Please tell me how i can fix this problem.
Vectors, like arrays, work only with integer indexes. For a vector vec, the index must be in range 0 <= index < vec.size(), otherwise it either does not compile (not convertible to unsigned int) or the behavior is undefined (out of bounds).
You have written
vector<pair<int,int>> ve
Which means that you create a vector that contains pairs, not that it is indexed by pairs.
Now, if you want a two dimensional vector, i.e. a matrix, you should check Boost matrix. You can also implement it yourself, but making it general purpose will take some effort. The basic idea is to convert the pair to an single integer value. The simplest implementation is:
template <class T>
void init_2d(std::vector<T> &vec, std::pair<unsigned, unsigned> coordinates)
{
vec.resize(coordinates.first * coordinates.second);
}
inline unsigned flatten(std::pair<unsigned, unsigned> coordinates,
unsigned num_columns)
{
return coordinates.first * num_columns + coordinates.second;
}
template <class T>
T & get_2d(std::vector<T> & vec,
std::pair<unsigned, unsigned> coordinates,
unsigned num_columns)
{
return vec.at(flatten(coordinates, num_columns));
}
template <class T>
const T & get_2d(const std::vector<T> & vec,
std::pair<unsigned, unsigned> coordinates,
unsigned num_columns)
{
return vec.at(flatten(coordinates, num_columns));
}
and then use it in your code:
int main() {
std::vector<int> ve;
auto dimensions = std::make_pair(100,100);
init_2d(ve, dimensions);
for(int i=1;i<=50;i++) {
for(int j=0;j<=50;j++)
get_2d(ve, {i,j}, dimensions.second) =j;
}
for(int i=1;i<=50;i++) {
for(int j=0;j<=50;j++)
std::cout << get_2d(ve, {i,j}, dimensions.second) <<" ";
std::cout << '\n';
}
return 0;
}
But, instead of reimplementing existing code, you should prefer to use boost matrix. If you are trying to learn how a matrix can be implemented (which is a very good idea), then go on and try to convert the above functions+vector into a class, and put the dimensions pair into that class. Having a class, for a matrix, is better than to use separate functions. It is easier to maintain invariants for a class than for separate functions.
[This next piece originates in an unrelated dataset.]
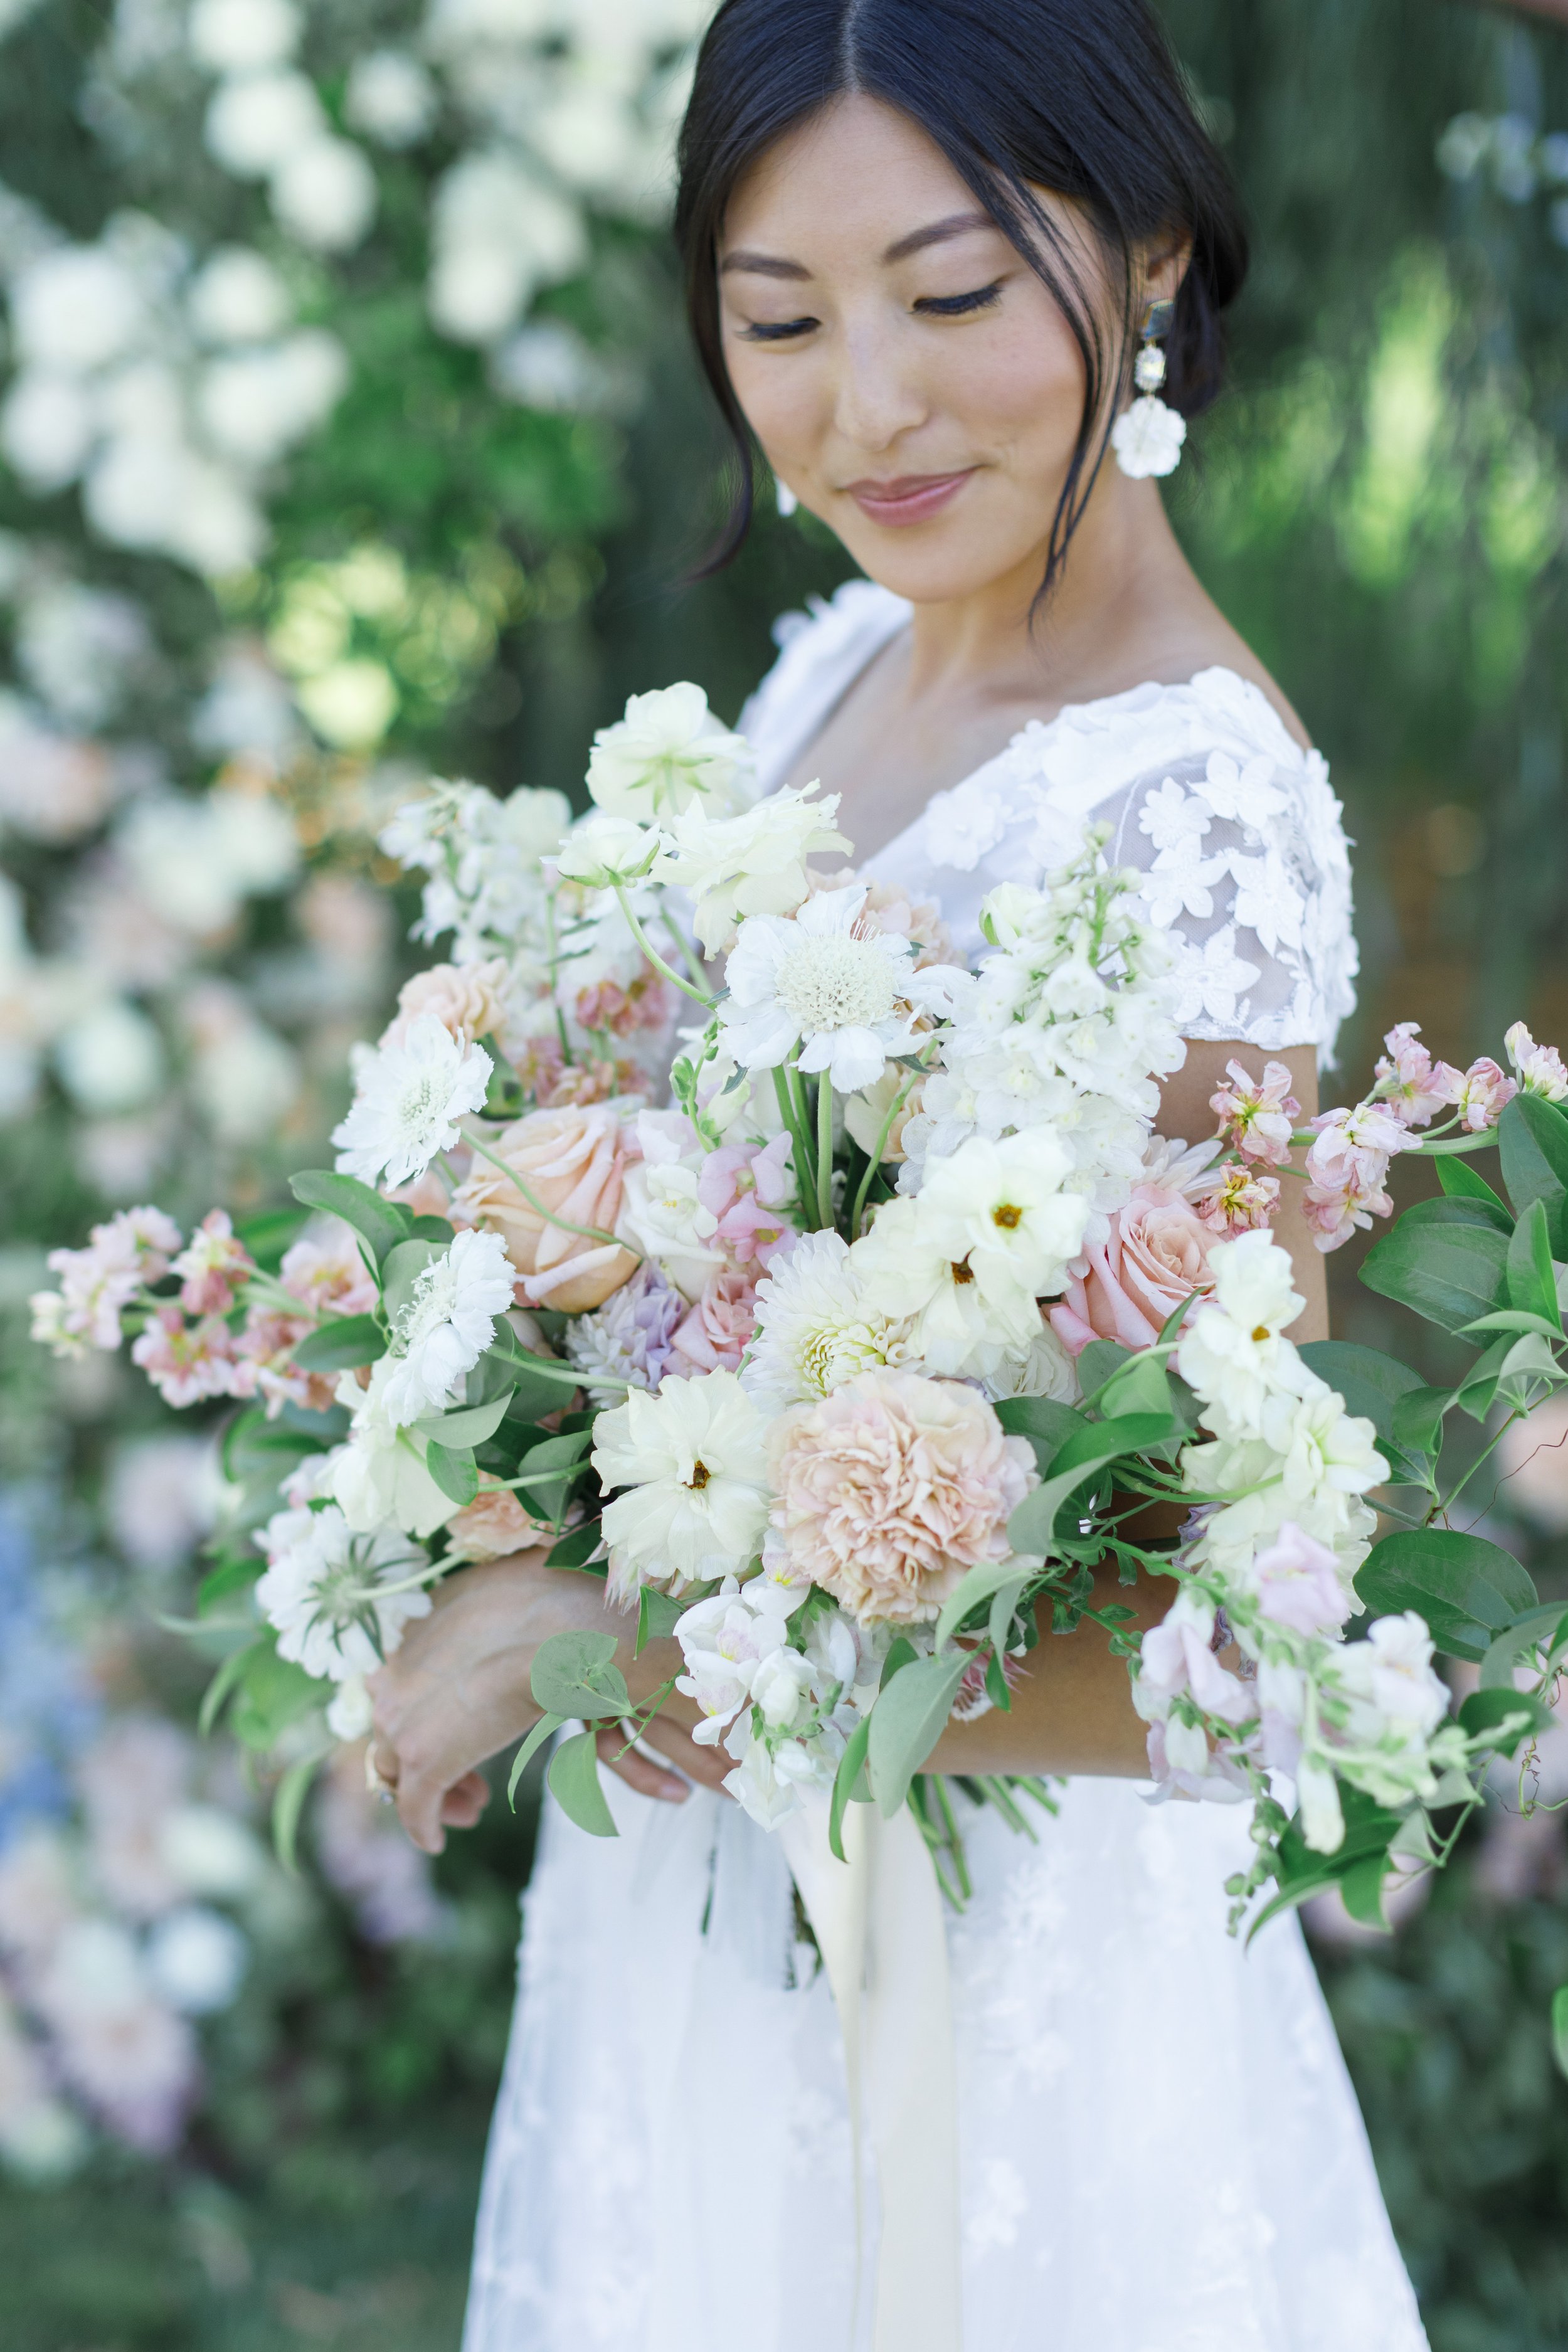  A spring bridal bouquet with blush pink and white flowers captured by Savanna Richardson Photography. spring wedding #SavannaRichardsonPhotography #SavannaRichardsonWeddings #bridals #formals #bouquets #Utahweddingphotographers #Wedding

Note: you can use std::map<std::pair<int, int>> instead, but it will be more difficult to iterate over it and it will be much slower. If it makes your code clearer, using std::map is a good idea, but it is not clear cut whether std::map<pair<...>> is easier to work with than with std::vector + _2d functions.
I would suggest you to use map instead.
Operator [] for map takes key_type as parameter which is a container which means you can use pair object as index (called key in map), however Operator [] for vetor takes size_type as parameter which is an unsigned integer.
Your code could look like the following:
map< pair<int, int>, int > notVector;
for(i=0;i<=50;i++)
for(j=0;j<=50;j++)
notVector[make_pair(i,j)]=2; // Storing value of 2 in all the (i,j) indices
for(i=0;i<=50;i++)
for(j=0;j<=50;j++)
cout<<notVector[make_pair(i,j)]<<" ";
another solution: create your own container by aggregating a standard one.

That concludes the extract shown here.